Commentary

How a barefoot sawmill owner avoided making too much money

HOMER — As he has sawed up logs over the last 40 years, the ground has risen up under Steve Gibson's bare feet. Sawdust and wood chips grow ever deeper on his three acres in the woods east of Homer, like the friendships and conversations that fill the day.

Gibson sells lumber. He gives away philosophy, political observations, good advice and knowledge about how to work with wood.

"As you kind of approach the look-back period of your life, you know the W-2s are not all in United States currency. There's all the joy and satisfaction you got," Gibson said.

He said Small Potatoes Lumber makes hardly any money, and that's how he likes it.

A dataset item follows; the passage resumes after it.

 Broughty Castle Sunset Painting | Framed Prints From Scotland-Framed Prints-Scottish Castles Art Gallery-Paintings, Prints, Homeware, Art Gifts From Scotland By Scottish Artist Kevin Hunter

"It's one of the nicer perks of this job, to tell you the truth," Gibson said. "If you had a high-paying job — let's say you were a high-priced lawyer, say you're making $200 an hour — how long can you sit around and bulls–t? You're constrained. And you know, I'm a sociable individual, and so that's automatically a deficit for me on the W-2. But the less you make, the more free you are to allocate a significant amount of time to bulls–tting."

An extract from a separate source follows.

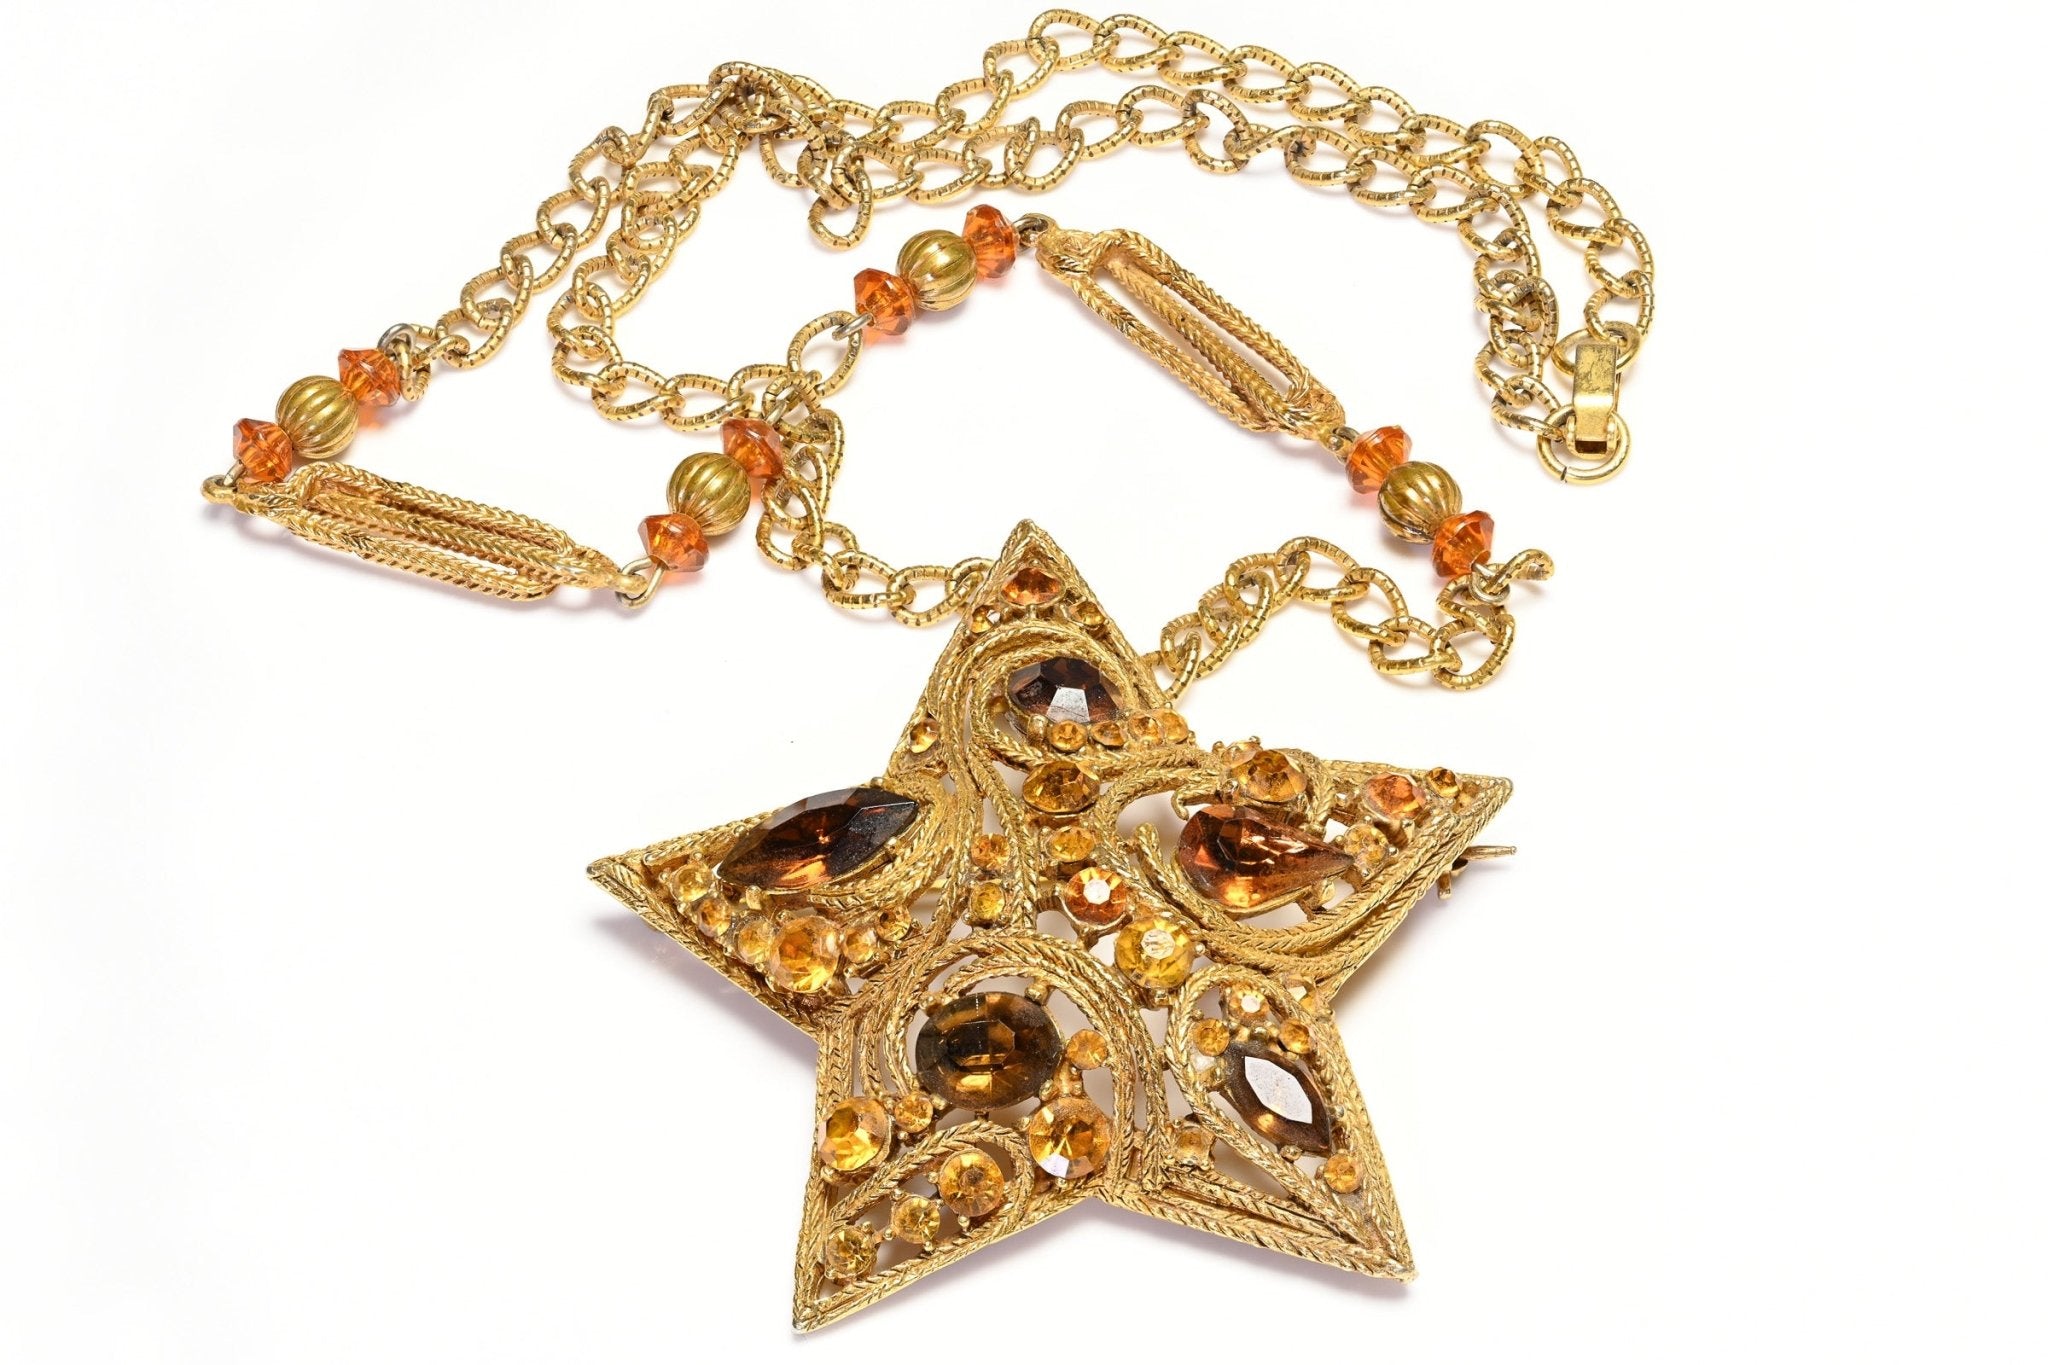 Vintage 1950's Brown Crystal Star Chain Brooch Necklace

Gibson taught me how to build with green wood so it won't crack or open gaps when it shrinks. He shared observations on the insecurity of growing up the son of a freelance writer, which made me think about how to talk to my kids about the wobbles in my own career. He celebrated my older son's budding interest in architecture and looked at his pencil-sketched design for a greenhouse when he was a teenager.

To buy lumber from Gibson you call his cellphone. He stops working and writes down what you want — the amounts, dimensions and when — in a pocket notebook and checks up on your life. Then he saws the order out of local logs and stacks it with your first name written on a scrap board. If he's not around when you pick up the lumber, the shop is open to leave payment on the counter.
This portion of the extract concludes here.